**Exercise goal**
An exact copy is required of every line from the one with "Flowers IPhone Wallpapers, Free" through the end of the data below, and the pictures must stay out of it.

**Dataset section**

--------

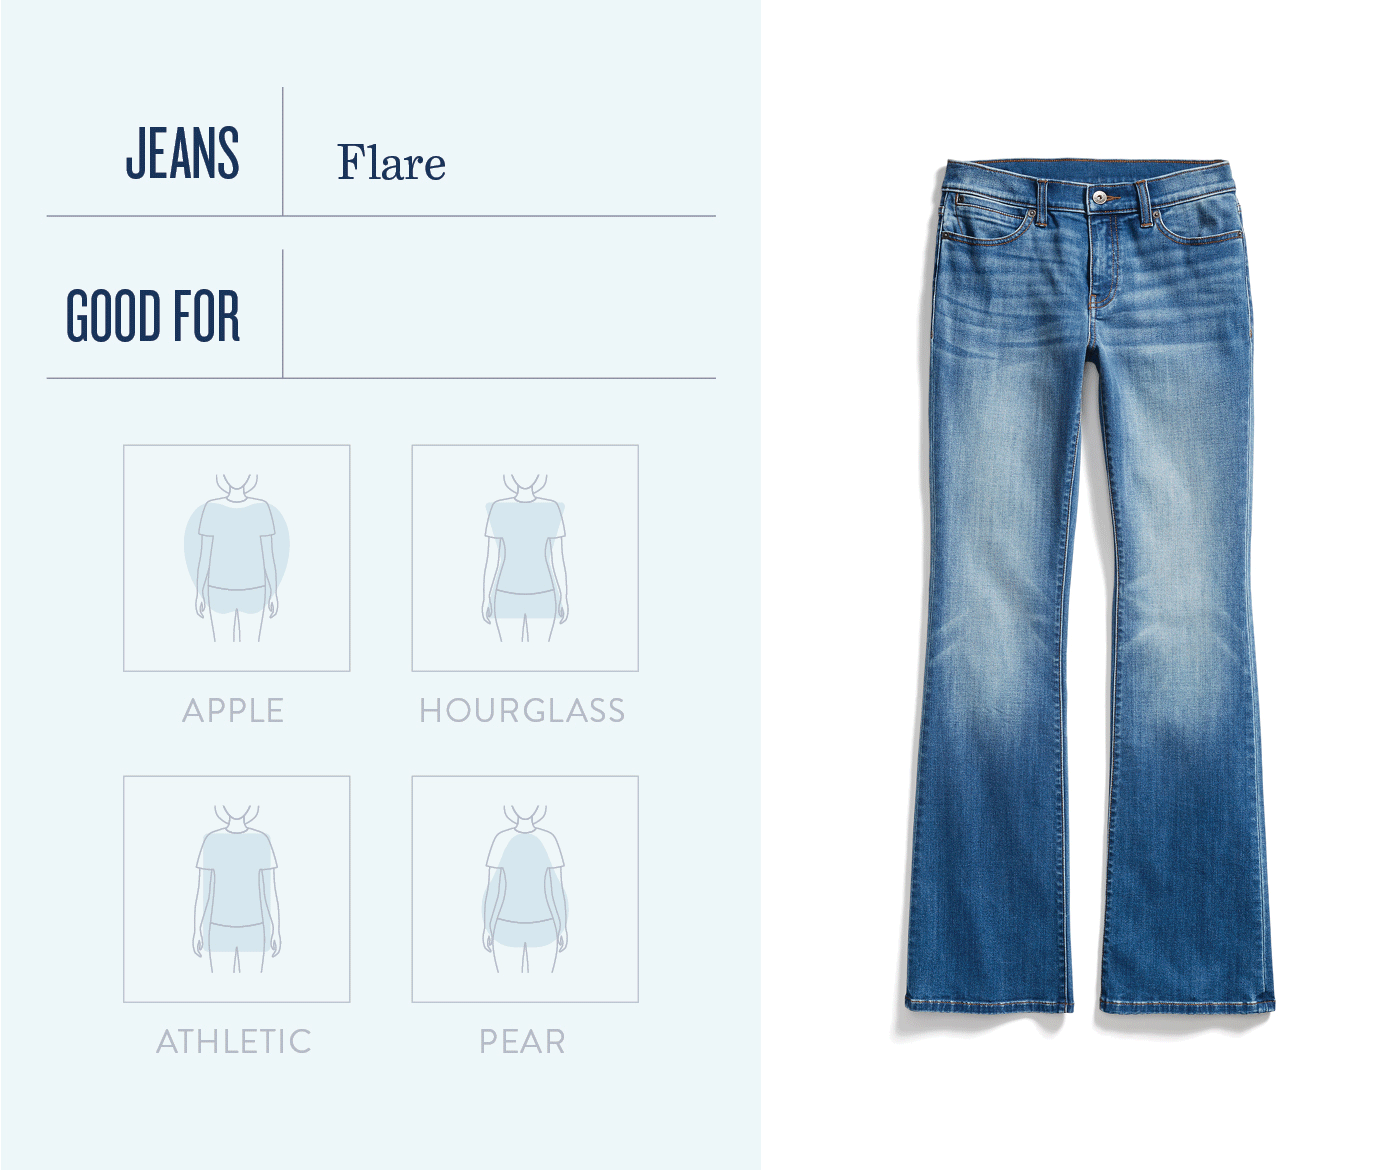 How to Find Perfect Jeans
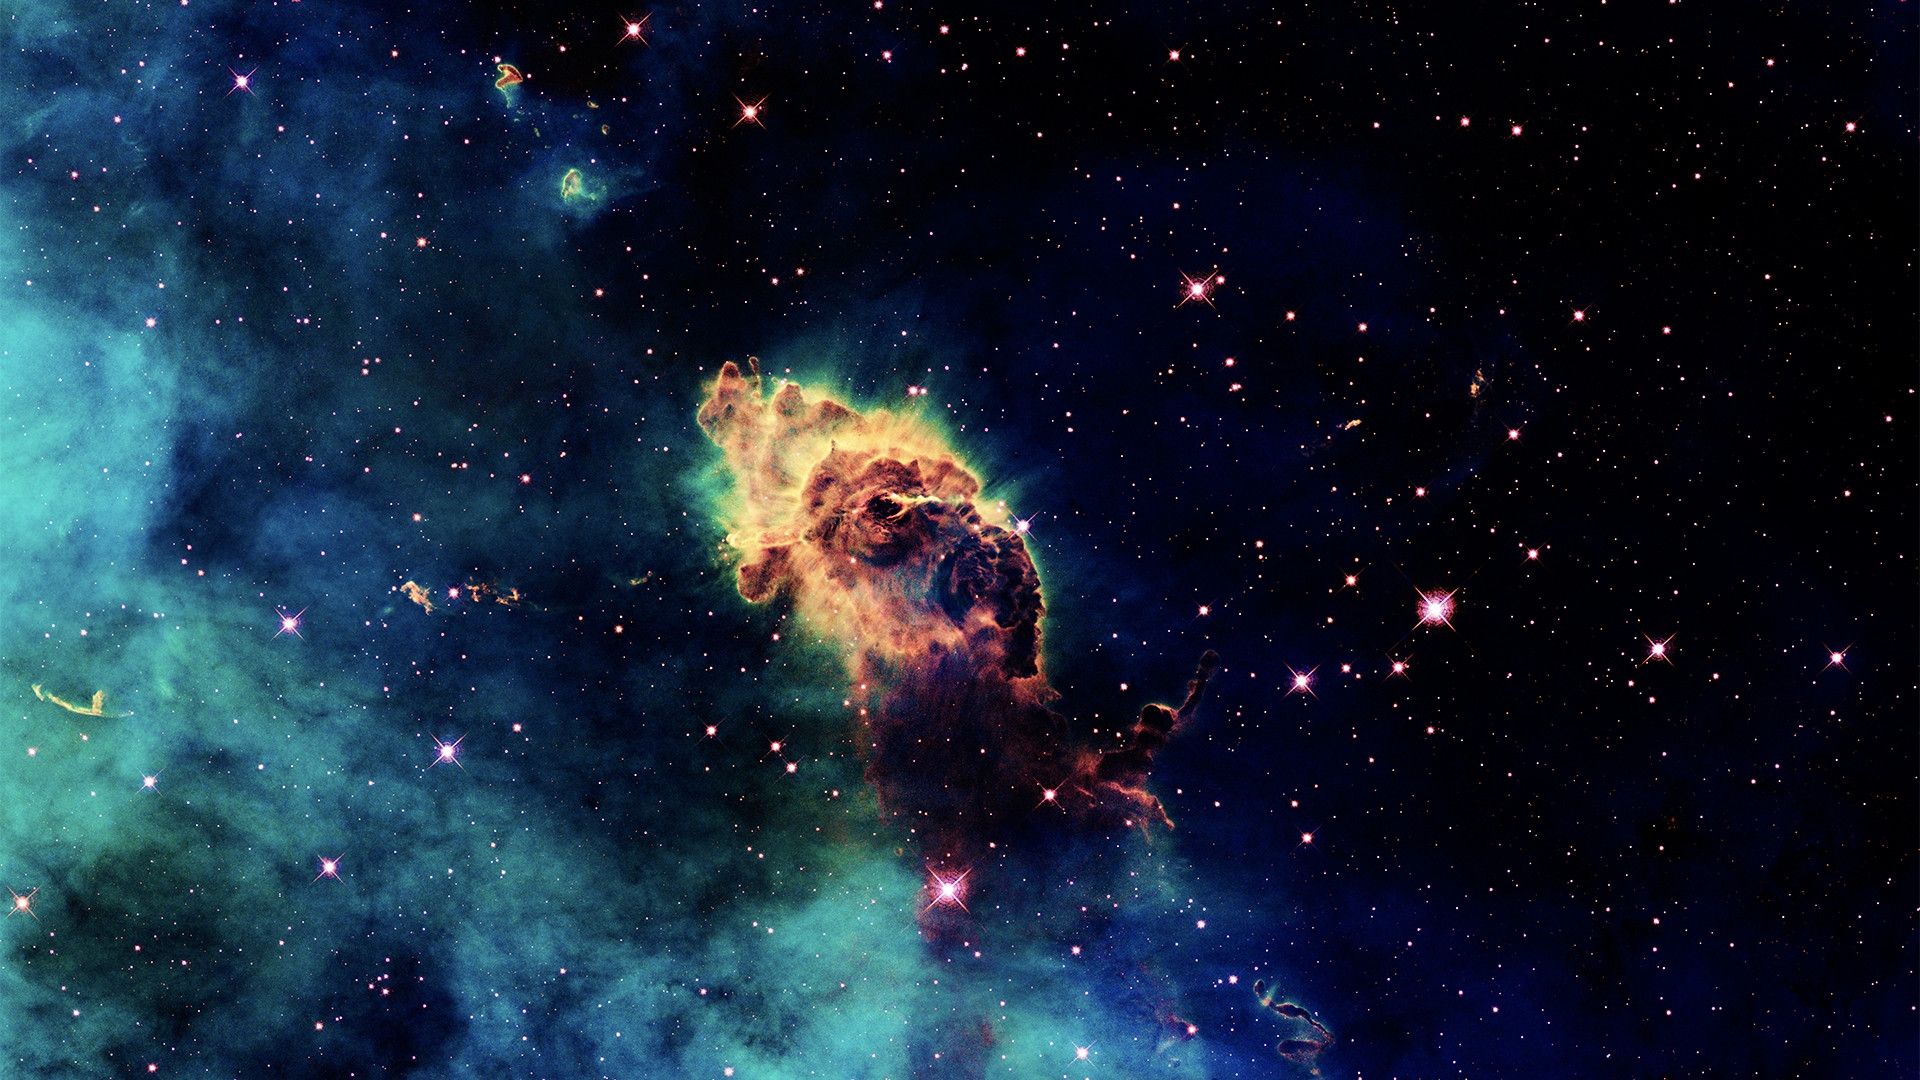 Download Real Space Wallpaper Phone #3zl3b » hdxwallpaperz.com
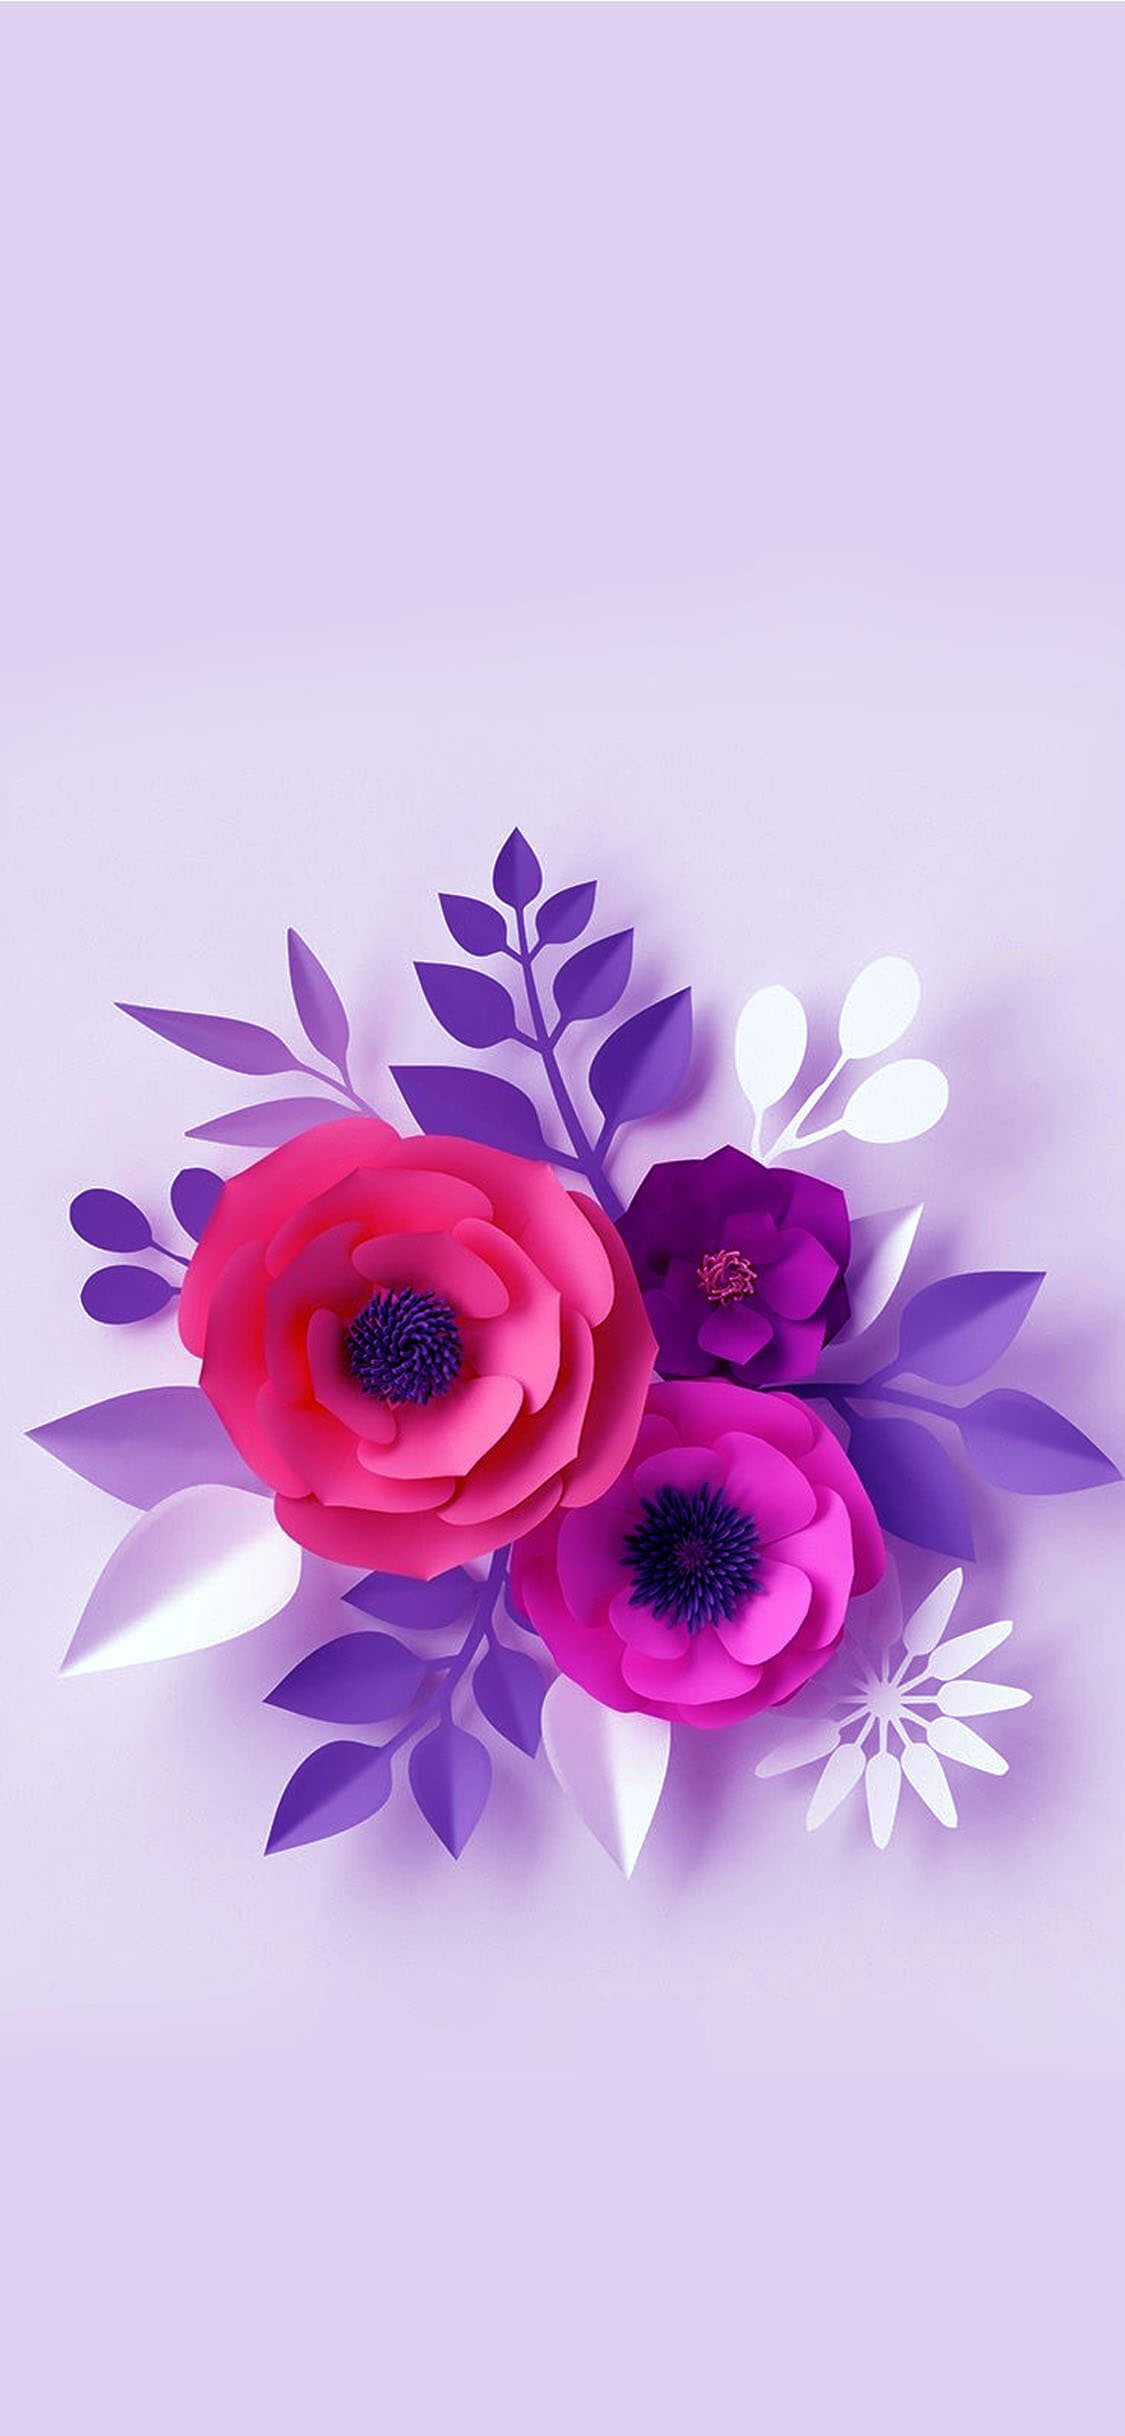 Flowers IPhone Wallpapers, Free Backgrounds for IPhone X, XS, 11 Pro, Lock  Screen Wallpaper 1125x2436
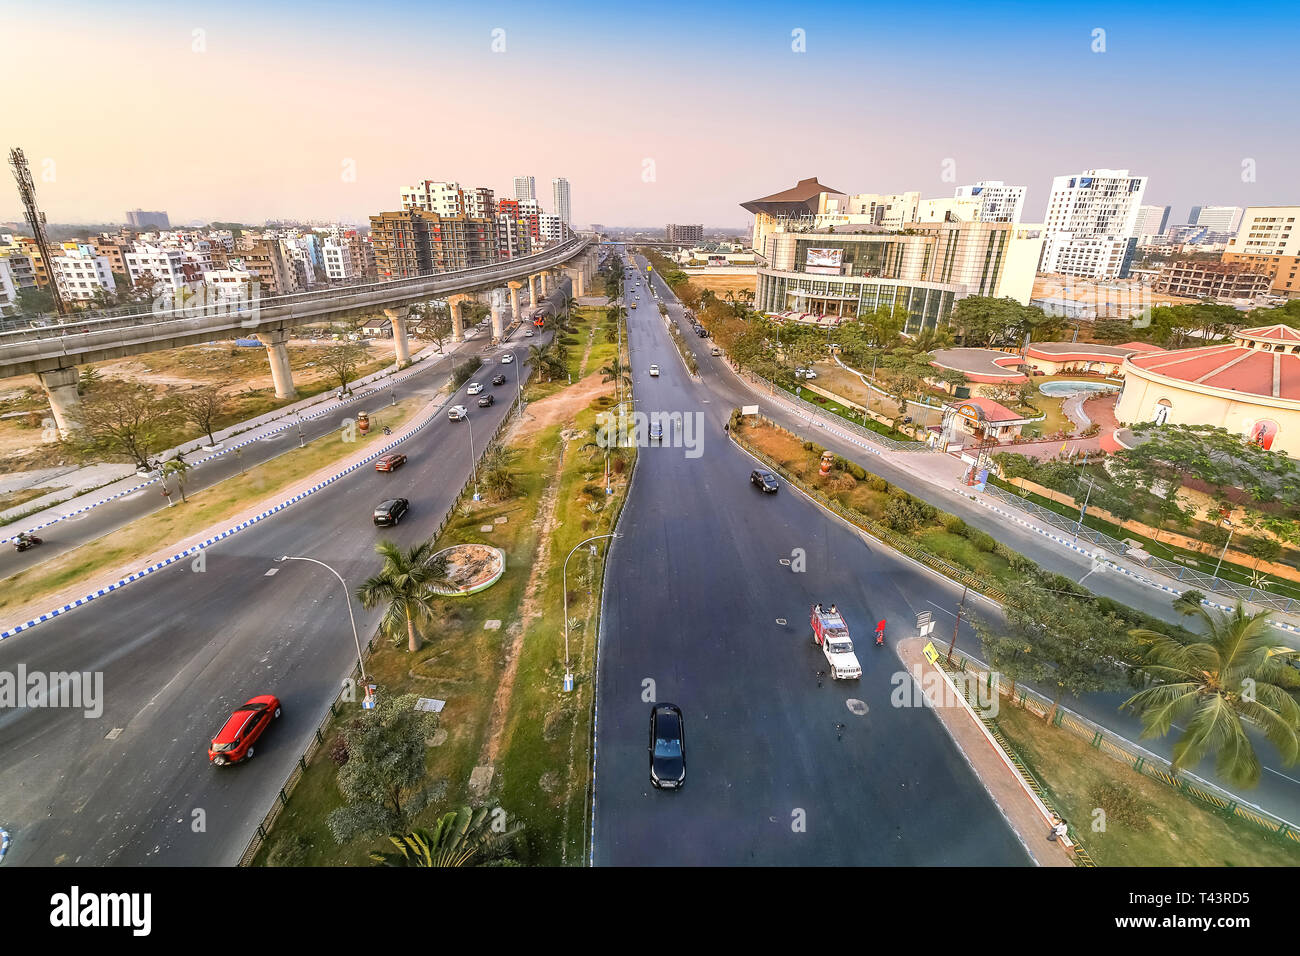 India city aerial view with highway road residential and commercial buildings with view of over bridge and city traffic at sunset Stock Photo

--------

**Written solution**
 Flowers IPhone Wallpapers, Free Backgrounds for IPhone X, XS, 11 Pro, Lock  Screen Wallpaper 1125x2436
 India city aerial view with highway road residential and commercial buildings with view of over bridge and city traffic at sunset Stock Photo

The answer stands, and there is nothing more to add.